Yukarı Çık




10   Önceki Bölüm  Sonraki Bölüm   12 

           
Ella iş gezisinde olduğu için Megan onunla telefonda konuşabilmişti. Onun da her şeyden haberinin olduğunu öğrense de içinde ona karşı en ufak kızgınlık veya kırgınlık yoktu. Döndüğü zaman konuşacaklardı. Şu an en iyisi bu olayı bir kenara bırakmaktı.
                                                               
                                                              Bir hafta Sonra...
  Ders başlamadan herkes sınıfına döndü. Bayan Pooters gelince sohbet etmeye başladılar. Bayan Pooters iyi bir öğretmendi. Okulda yapılan zorbalıklara değindi ve bununla ilgili kısa bir hikaye anlattı. Bir gencin başına gelmiş bir olaydı bu. Öğrenciler onu okulda herkesin içinde rencide edip utandıracak bir sürü şey yapmışlardı. Onun kıyafetlerini de soymak dahildi. Sonunda genç intihar etmişti. Sınıfta aniden sessizlik oldu.
"Yaptıklarınızın sonucu her zaman olur. Ona zorbalık yapanların eğlencesi o gencin kabusuydu. Yapılanları kaldıramadı ve intihar etti."

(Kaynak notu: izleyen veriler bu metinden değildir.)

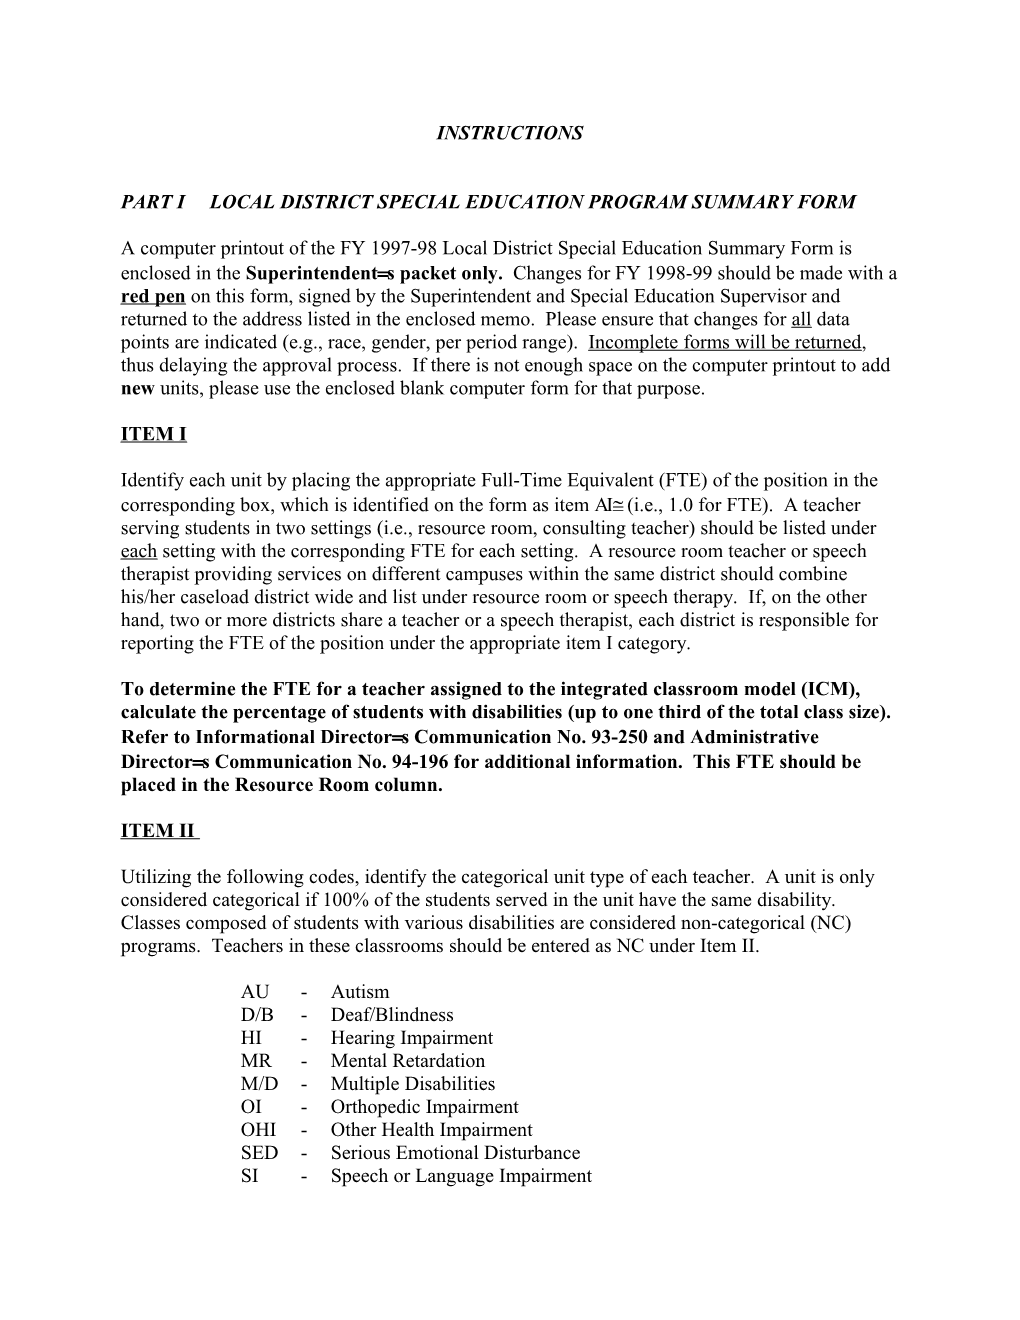 Part I Local District Special Education Program Summary Form

"Zayıf bir karakteri varmış demek ki," dedi Nora.
"Sana yapılsa sen dayanabilecek misin acaba? Oradan bakınca kolay görünüyor. Başına gelmeden anlayamazsın." dedi Megan sinirle.
"O zaman sende kendini öldürsene," dedi Nora.
Jae Myung, “Nora!” diye bağırdı.
“Ne var? Ne bağırıyorsun?”
“Seni uyarmıştık,” dedi Chris.
Nora ağzını açmadan önüne döndü.
"Sessiz olun." dedi Bayan Pooters ciddiyetle. "Bir yere kadar dayanabilir insan. Her insanın dayanma derecesi farklıdır. İnsanın psikolojini etkileyecek şeyler bunlar."
"Bana göre asıl zayıf insanlar zorbalık yapanlardır. Kendi ezikliğini başkalarından çıkarırlar," dedi Megan.
"Kapat çeneni!" diye bağırdı Nora.
"Zorba olduğunuzu kabul ediyorsunuz galiba o yüzden bu laflar size dokunuyor," dedi Megan pis pis sırıtarak. Megan'ın lafları Chris ve Jae Myung'a da gidiyordu ama onlar sesini çıkarmadı. Haklı olduğunu düşünüyorlardı. Bir yandan Nora'yı çıldırtması hoşlarına gitse de bir yandan üzülmüşlerdi çünkü onlar da Megan'a zor zamanlar yaşatmışlardı.
Bayan Pooters tekrar araya girdi ve sınıfta sessizliği sağladı.
  Öğle arasından önce bir saatlik boşlukları vardı. Okulda gezinirken tesadüfen Nora’nın kimsenin olmadığı kuytu köşede bir kızı sıkıştırdığını ve hırpaladığını gördü. Kıza dikkatle bakınca onun Olivia olduğunu gördü. Megan ciddi ve kararlı adımlarla onlara doğru ilerledi.
"Hey! Nora! Ne yapıyorsun?" Onu Olivia’dan uzaklaştırmaya çalıştı.
Nora  Megan'a doğru döndü. "Sen nereden çıktın? Karışma git buradan."
Megan kıkırdadı. "Rahat bırak kızı. Olivia senin arkadaşın değil miydi? Ne yapıyorsun sen? Çıldırdın mı? "
"Bu seni hiç ilgilendirmez," dedi ve kızın yakasına yapıştı.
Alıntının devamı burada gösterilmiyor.